The solution was to provide only `paperless.wsgi` as the argument to `gunicorn`, and provide a flag for `--pythonpath`. After changing it to this, the server started up fine.
2018-11-16 09:20:08 -05:00

474 lines
17 KiB
ReStructuredText

.. _setup:
Setup
=====
Paperless isn't a very complicated app, but there are a few components, so some
basic documentation is in order. If you follow along in this document and
still have trouble, please open an `issue on GitHub`_ so I can fill in the
gaps.
.. _issue on GitHub: https://github.com/danielquinn/paperless/issues
.. _setup-download:
Download
--------
The source is currently only available via GitHub, so grab it from there,
either by using ``git``:
.. code:: bash
$ git clone https://github.com/danielquinn/paperless.git
$ cd paperless
or just download the tarball and go that route:
.. code:: bash
$ cd to the directory where you want to run Paperless
$ wget https://github.com/danielquinn/paperless/archive/master.zip
$ unzip master.zip
$ cd paperless-master
.. _setup-installation:
Installation & Configuration
----------------------------
You can go multiple routes with setting up and running Paperless:
* The `bare metal route`_
* The `docker route`_
The `docker route`_ is quick & easy.
The `bare metal route`_ is a bit more complicated to setup but makes it easier
should you want to contribute some code back.
.. _docker route: setup-installation-docker_
.. _bare metal route: setup-installation-bare-metal_
.. _Docker Machine: https://docs.docker.com/machine/
.. _setup-installation-bare-metal:
Standard (Bare Metal)
+++++++++++++++++++++
1. Install the requirements as per the :ref:`requirements <requirements>` page.
2. Within the extract of master.zip go to the ``src`` directory.
3. Copy ``../paperless.conf.example`` to ``/etc/paperless.conf`` and open it in
your favourite editor. As this file contains passwords. It should only be
readable by user root and paperless! Set the values for:
Set the values for:
* ``PAPERLESS_CONSUMPTION_DIR``: this is where your documents will be
dumped to be consumed by Paperless.
* ``PAPERLESS_OCR_THREADS``: this is the number of threads the OCR process
will spawn to process document pages in parallel.
* ``PAPERLESS_PASSPHRASE``: this is only required if you want to use GPG to
encrypt your document files. This is the passphrase Paperless uses to
encrypt/decrypt the original documents. Don't worry about defining this
if you don't want to use encryption (the default).
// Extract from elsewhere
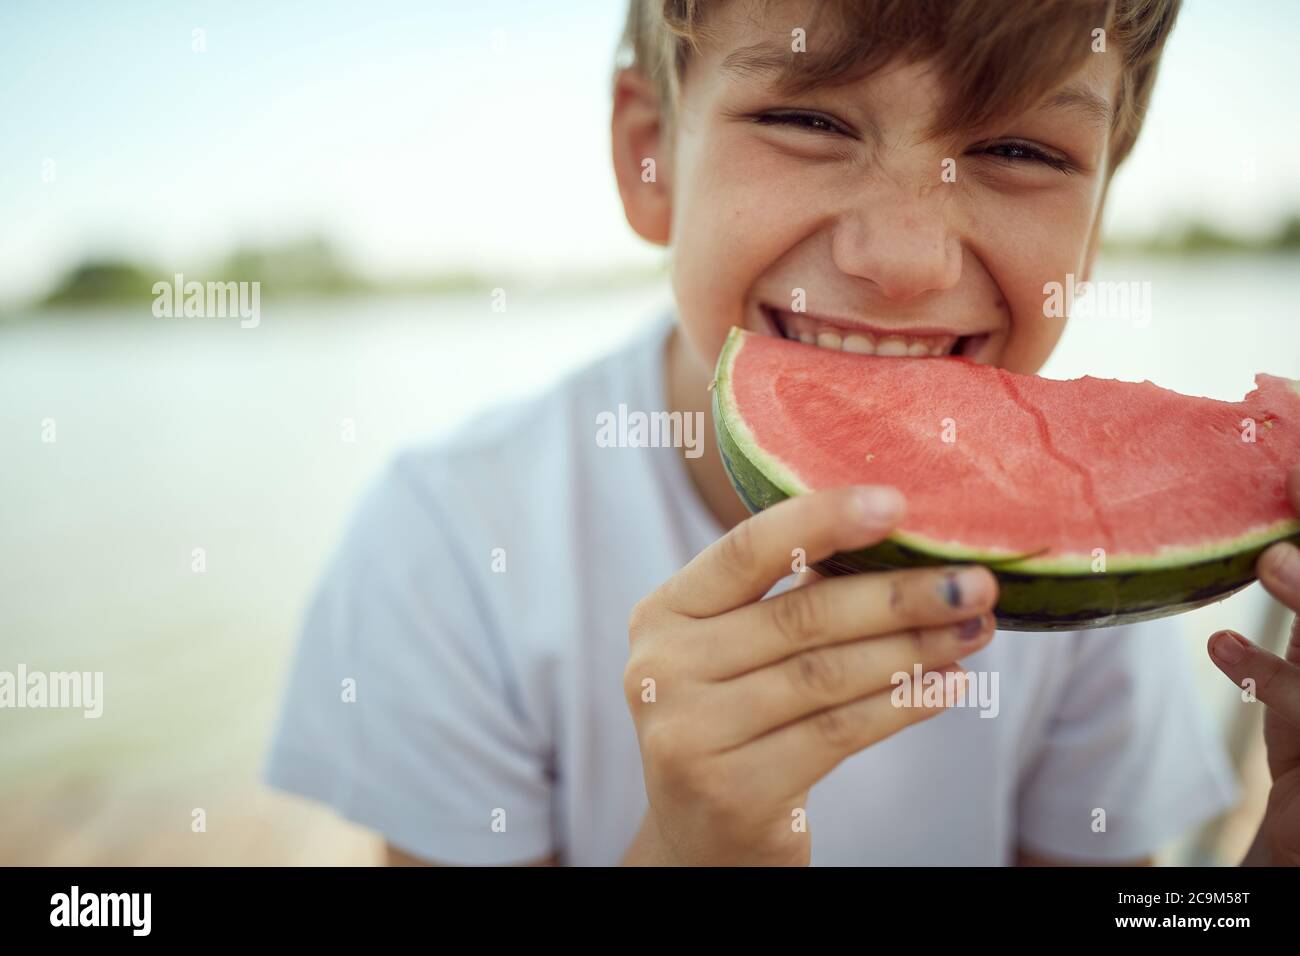 Young boy eating a watermelon on a hot day Stock Photo

4. Initialise the SQLite database with ``./manage.py migrate``.
5. Create a user for your Paperless instance with
``./manage.py createsuperuser``. Follow the prompts to create your user.
6. Start the webserver with ``./manage.py runserver <IP>:<PORT>``.
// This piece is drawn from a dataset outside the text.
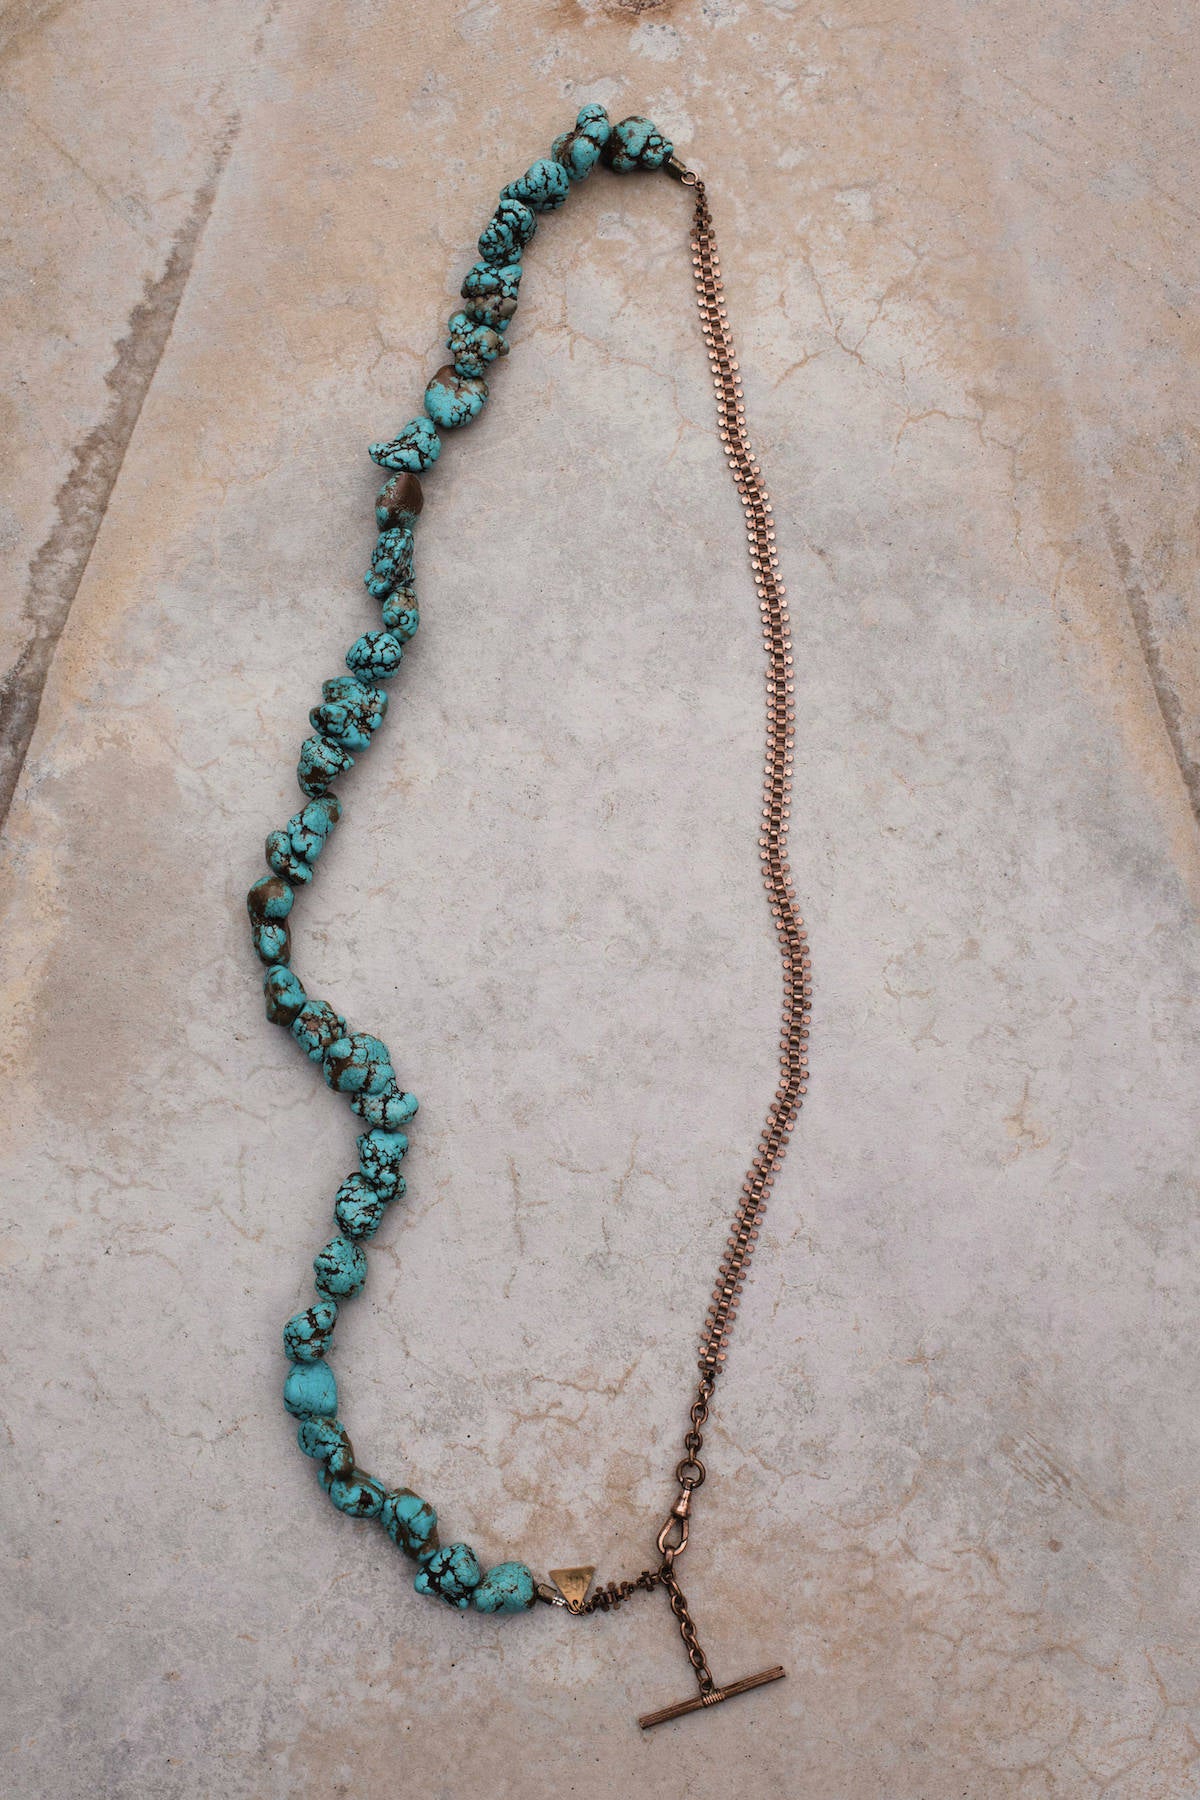 Turquoise Antique Copper Pocket Watch Chain Necklace

If no specifc IP or port are given, the default is ``127.0.0.1:8000``
also known as http://localhost:8000/.
You should now be able to visit your (empty) installation at
`Paperless webserver`_ or whatever you chose before. You can login with the
user/pass you created in #5.
7. In a separate window, change to the ``src`` directory in this repo again,
but this time, you should start the consumer script with
``./manage.py document_consumer``.
8. Scan something or put a file into the ``CONSUMPTION_DIR``.
9. Wait a few minutes
10. Visit the document list on your webserver, and it should be there, indexed
and downloadable.
.. caution::
This installation is not secure. Once everything is working head over to
`Making things more permanent`_
.. _Paperless webserver: http://127.0.0.1:8000
.. _Making things more permanent: setup-permanent_
.. _setup-installation-docker:
Docker Method
+++++++++++++
1. Install `Docker`_.
.. caution::
As mentioned earlier, this guide assumes that you use Docker natively
under Linux. If you are using `Docker Machine`_ under Mac OS X or
Windows, you will have to adapt IP addresses, volume-mounting, command
execution and maybe more.
2. Install `docker-compose`_. [#compose]_
.. caution::
If you want to use the included ``docker-compose.yml.example`` file, you
need to have at least Docker version **1.10.0** and docker-compose
version **1.6.0**.
See the `Docker installation guide`_ on how to install the current
version of Docker for your operating system or Linux distribution of
choice. To get an up-to-date version of docker-compose, follow the
`docker-compose installation guide`_ if your package repository doesn't
include it.
.. _Docker installation guide: https://docs.docker.com/engine/installation/
.. _docker-compose installation guide: https://docs.docker.com/compose/install/
3. Create a copy of ``docker-compose.yml.example`` as ``docker-compose.yml``
and a copy of ``docker-compose.env.example`` as ``docker-compose.env``.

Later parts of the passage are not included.